## INFORMATION PROVIDED
--------------------

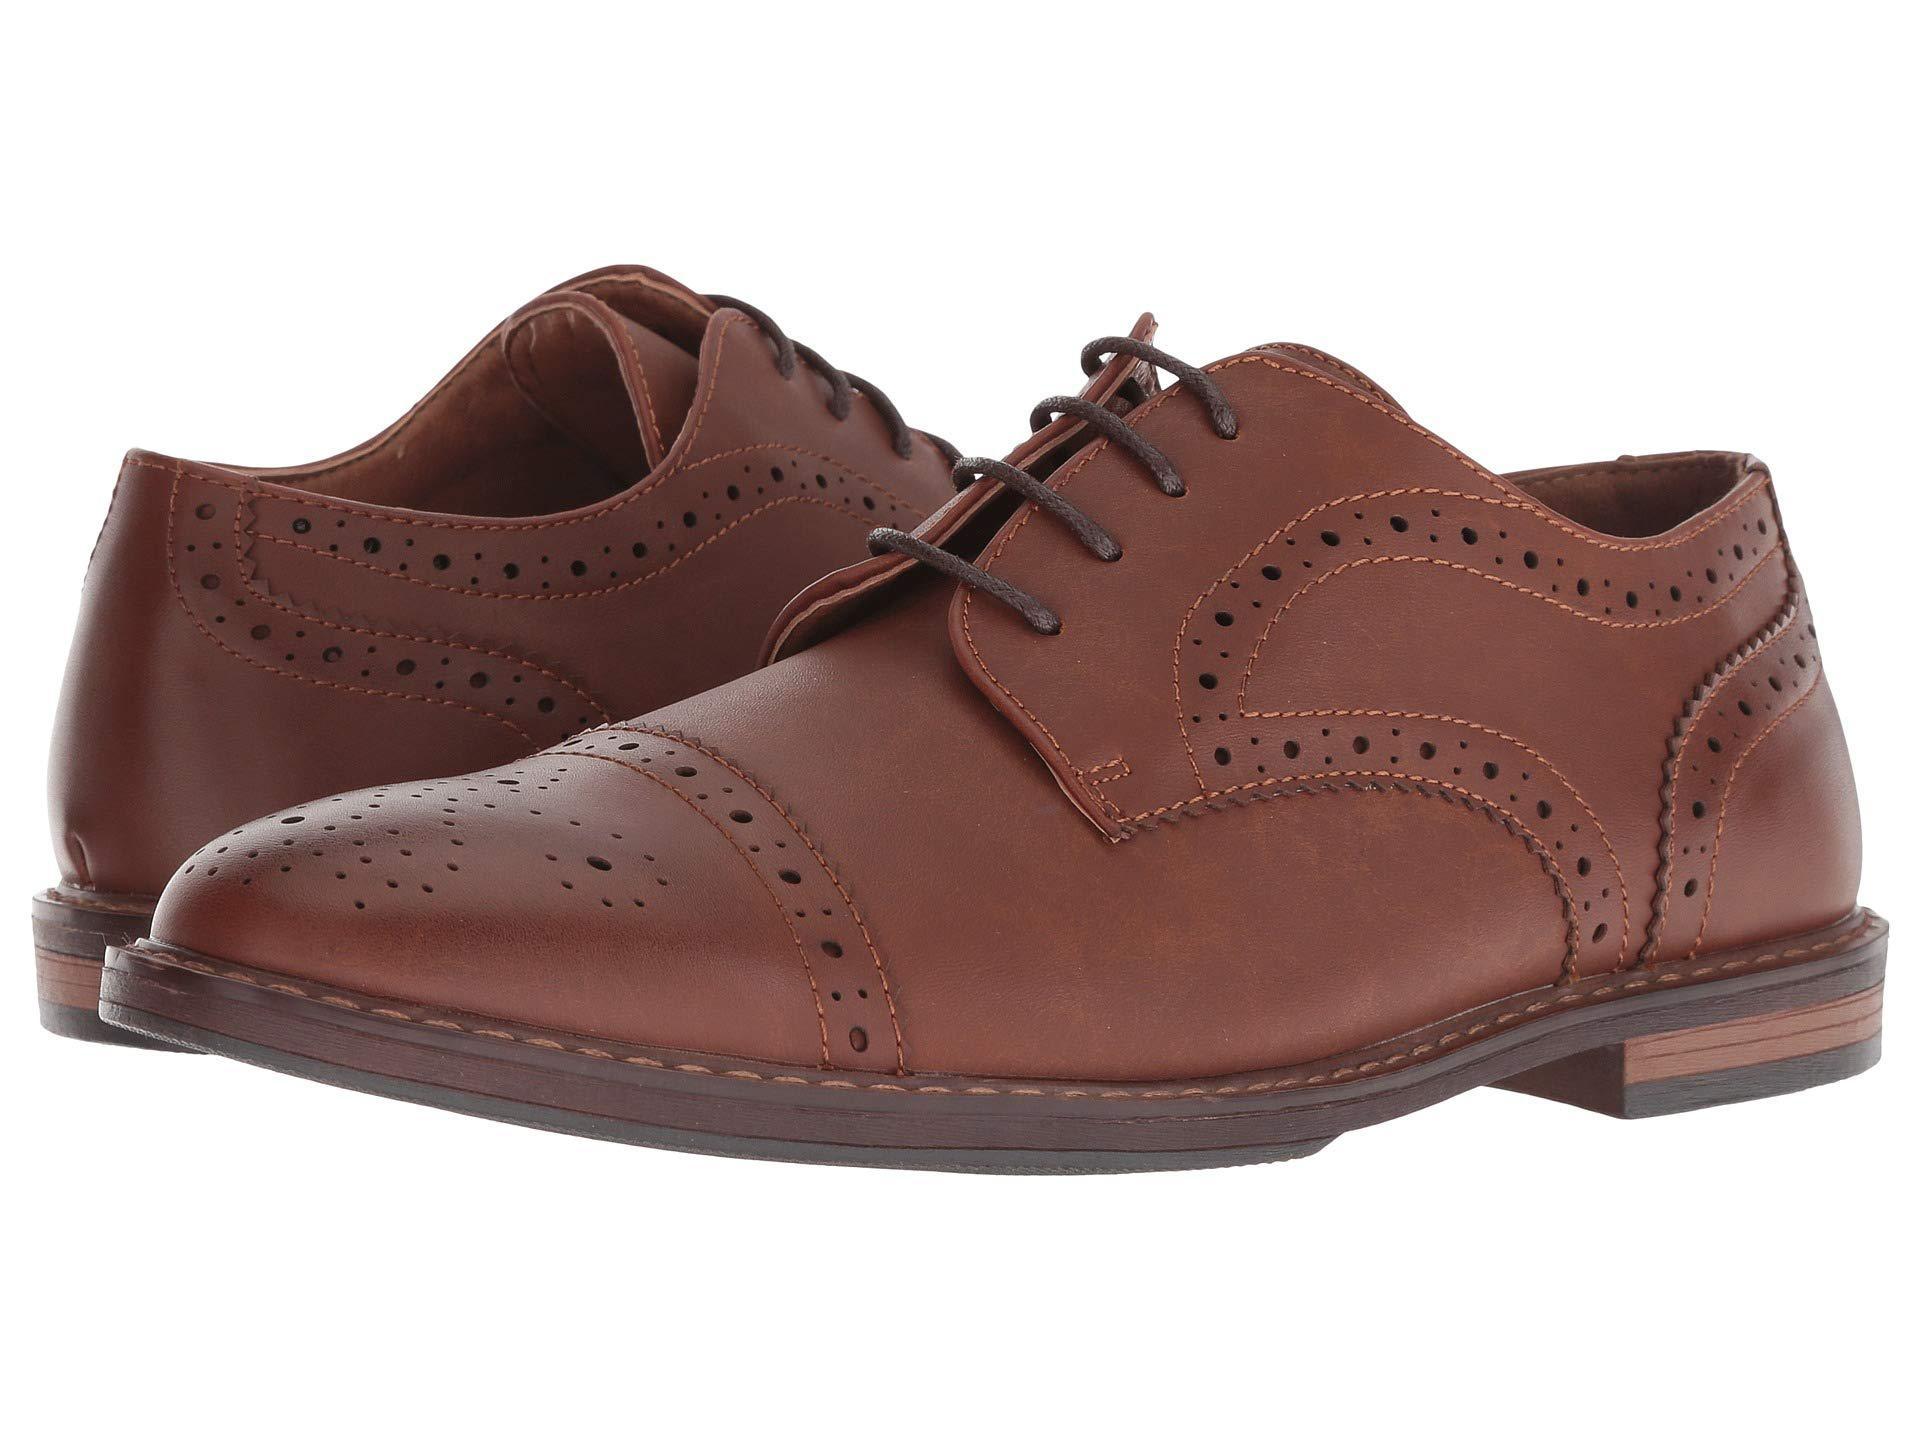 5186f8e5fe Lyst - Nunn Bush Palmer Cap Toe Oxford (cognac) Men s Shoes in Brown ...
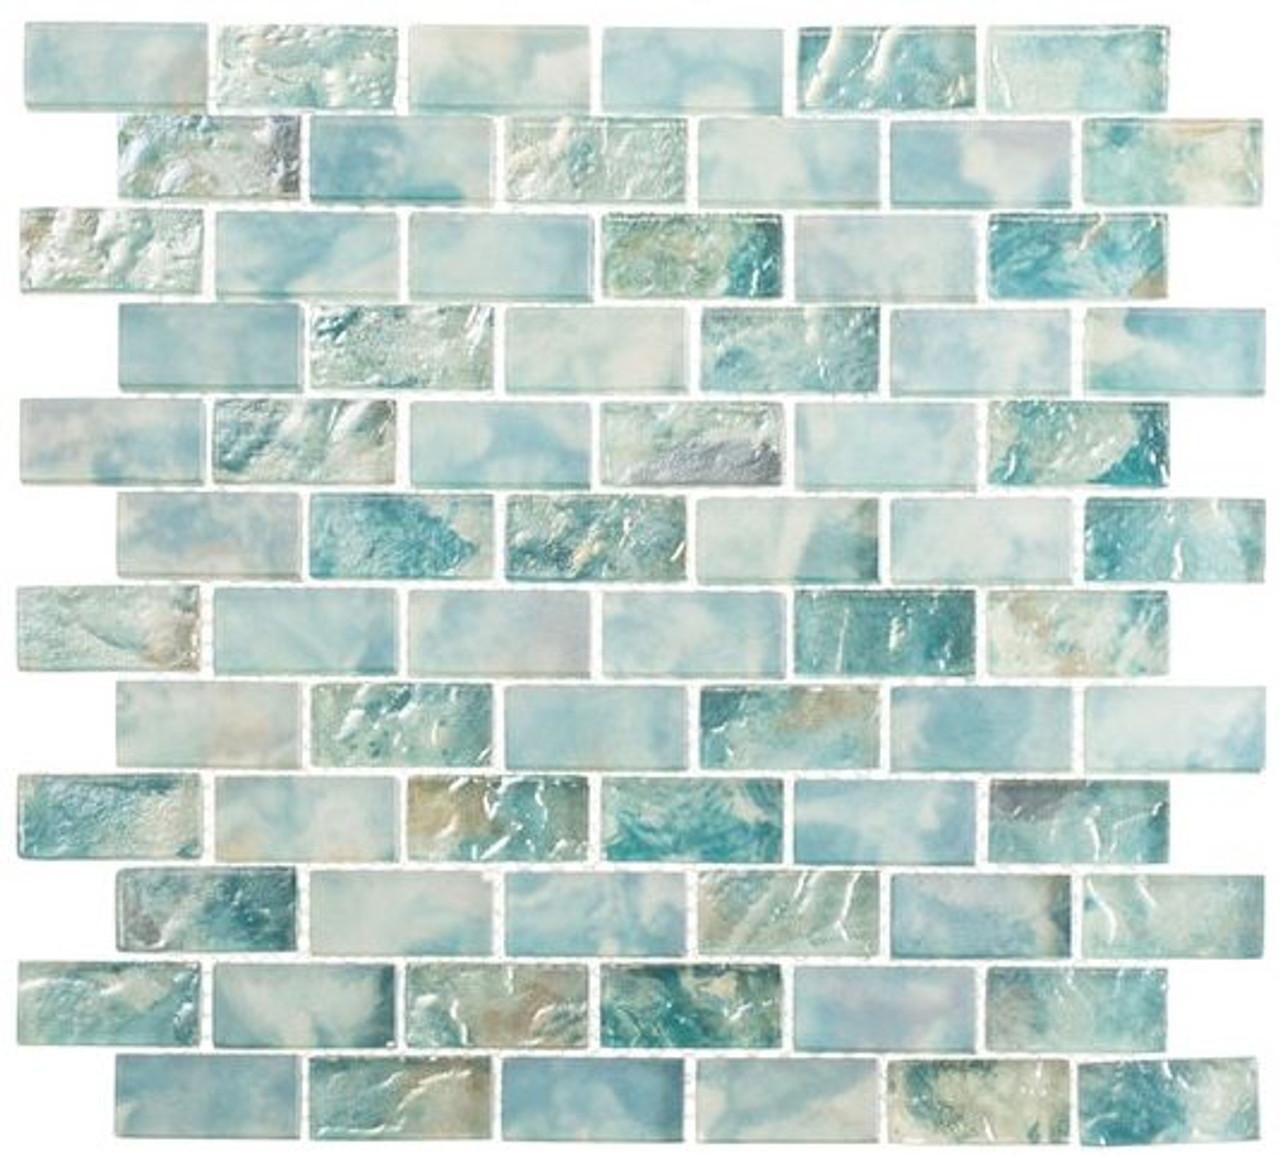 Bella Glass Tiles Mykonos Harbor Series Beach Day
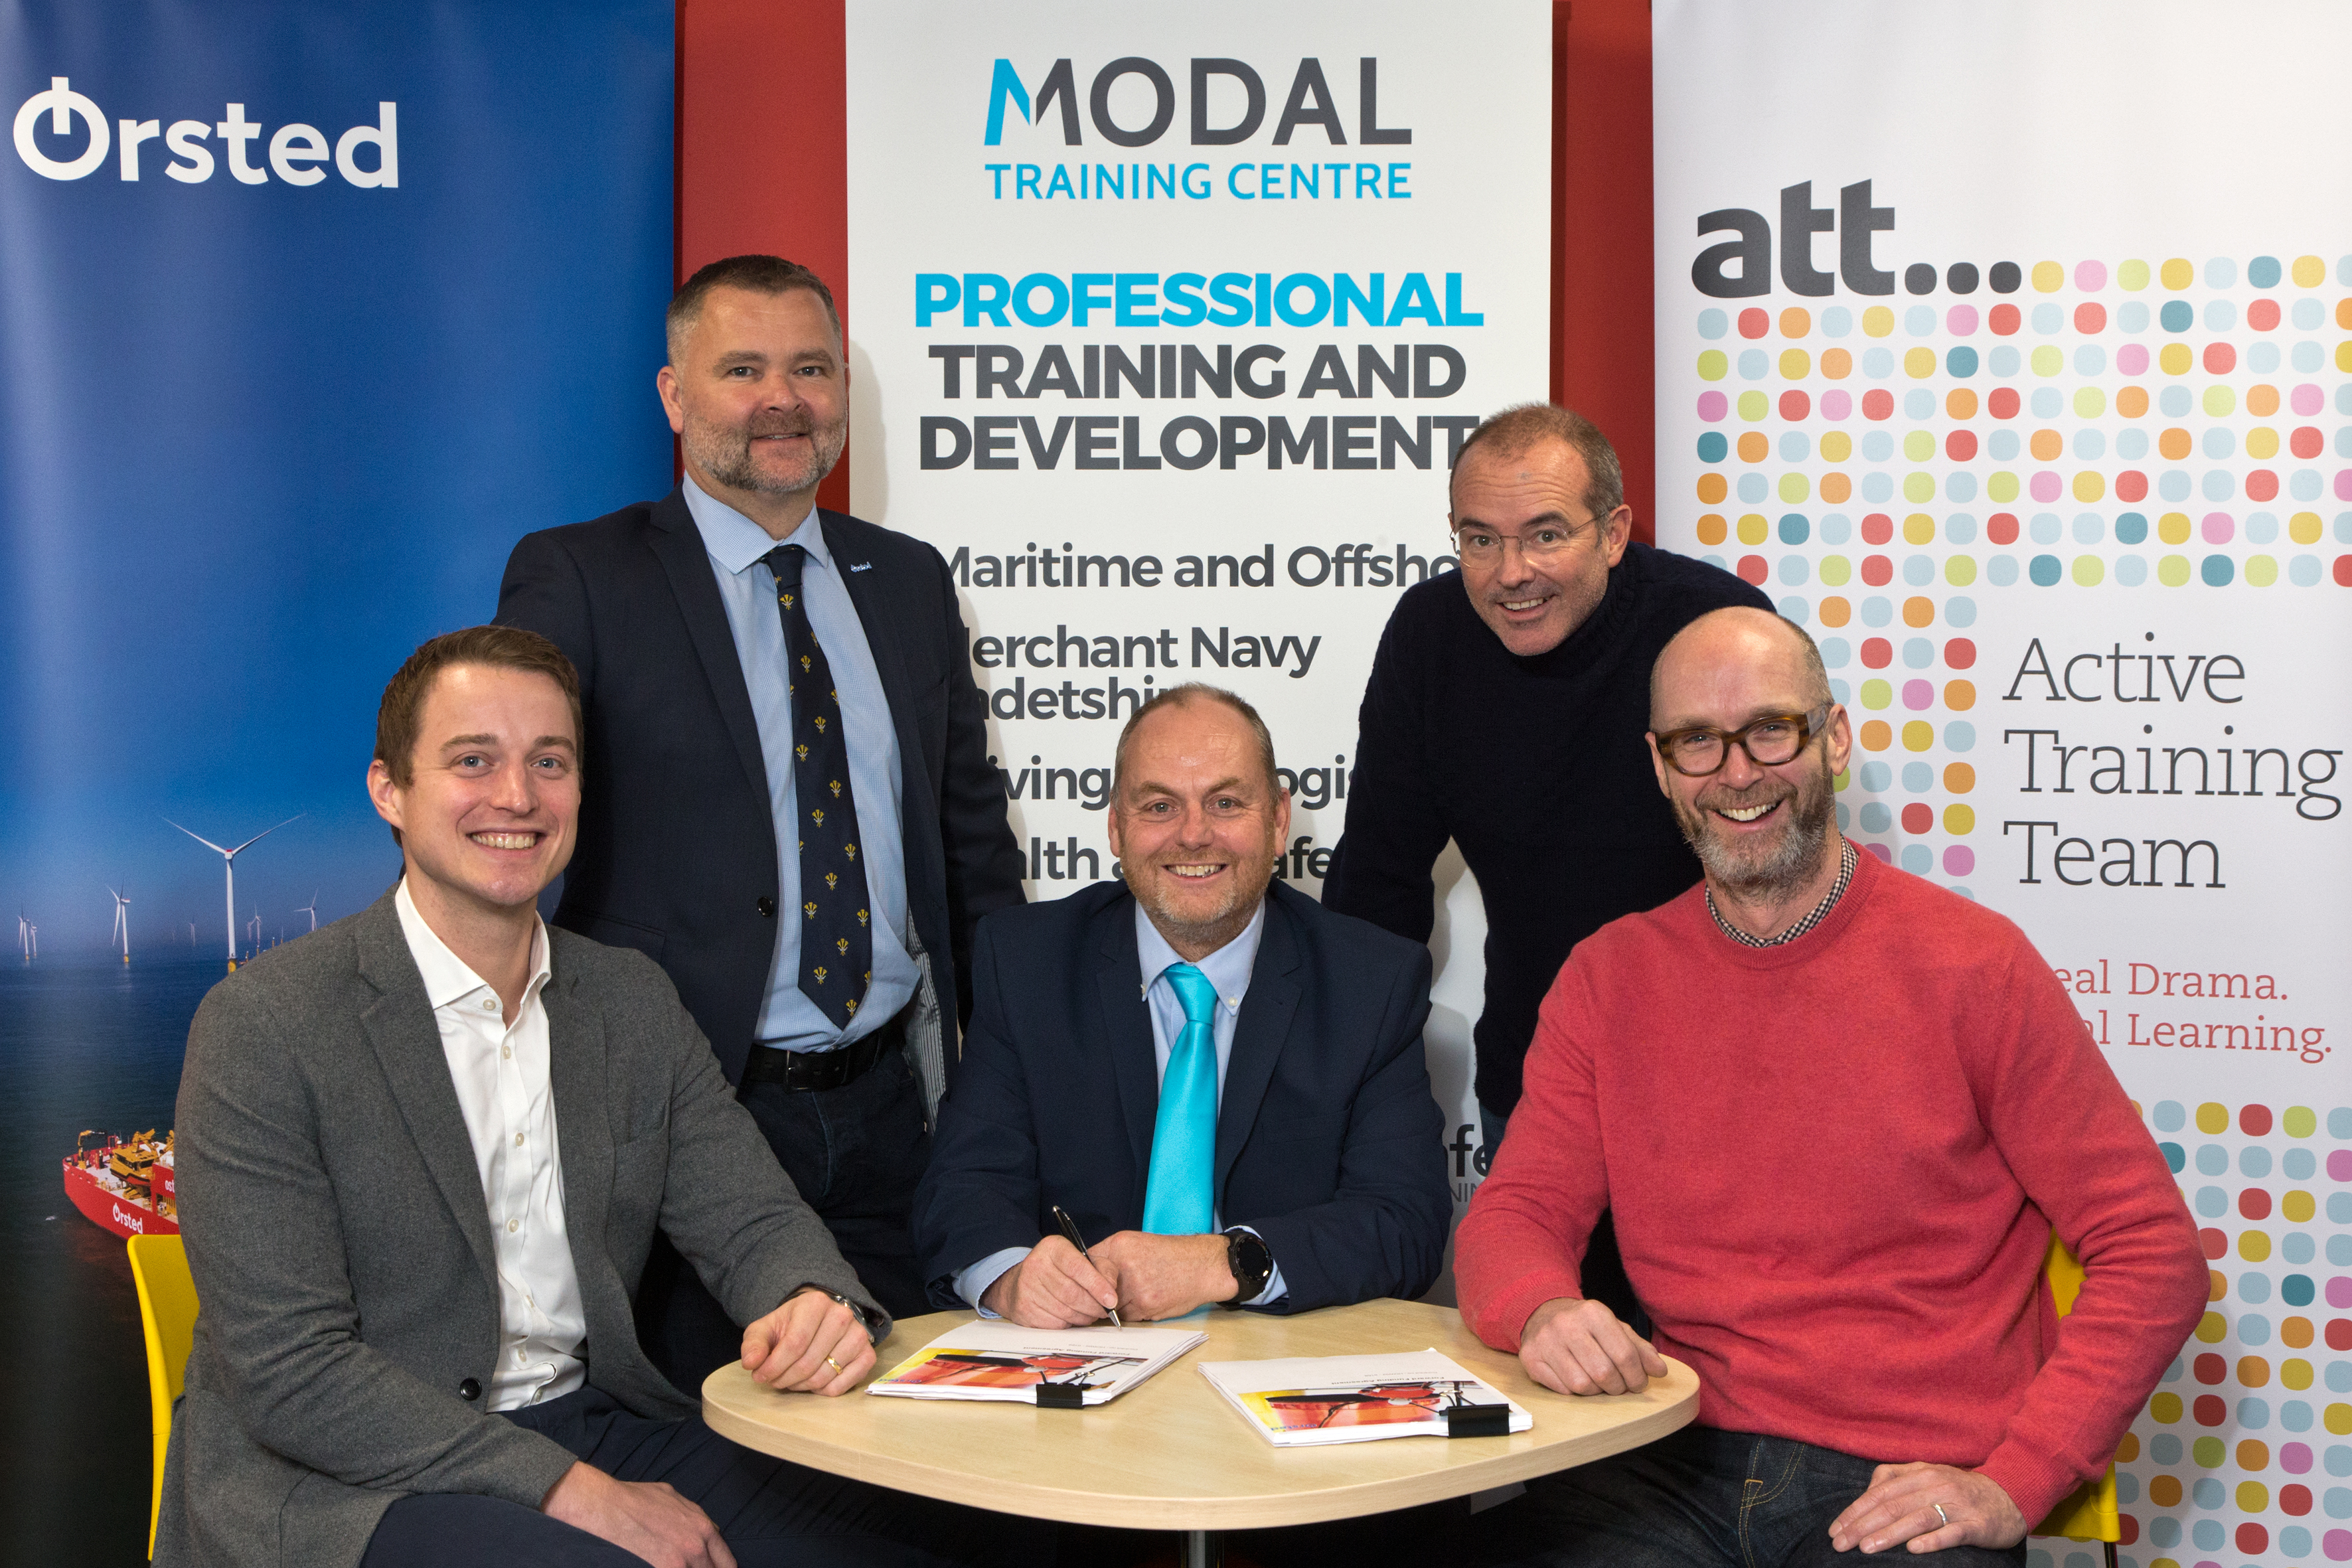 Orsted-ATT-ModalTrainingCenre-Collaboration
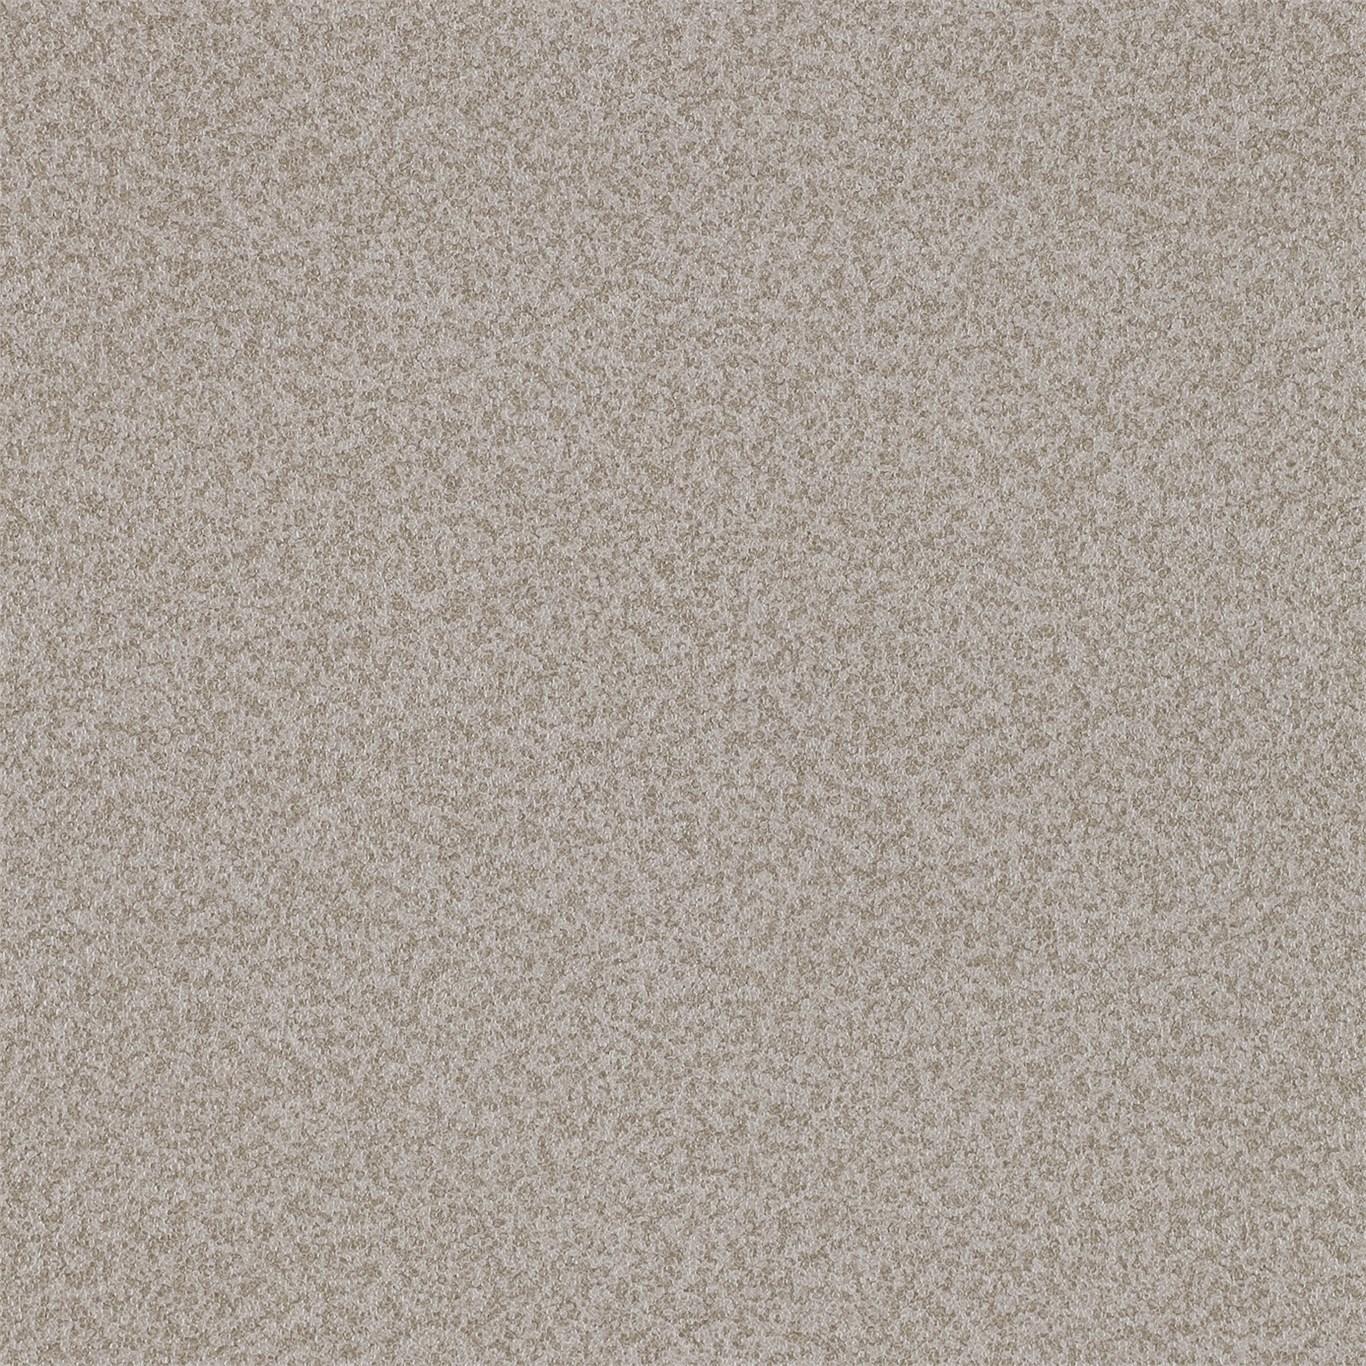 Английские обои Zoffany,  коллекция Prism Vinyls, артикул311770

--------------------

## WHAT YOU SHOULD DO
Nothing but the lines from the line with "Orsted-ATT-ModalTrainingCenre-Collaboration" through the last line of the data above should be printed, exactly as written and without pictures.

## RESPONSE TO THE TASK
 Orsted-ATT-ModalTrainingCenre-Collaboration
 Английские обои Zoffany,  коллекция Prism Vinyls, артикул311770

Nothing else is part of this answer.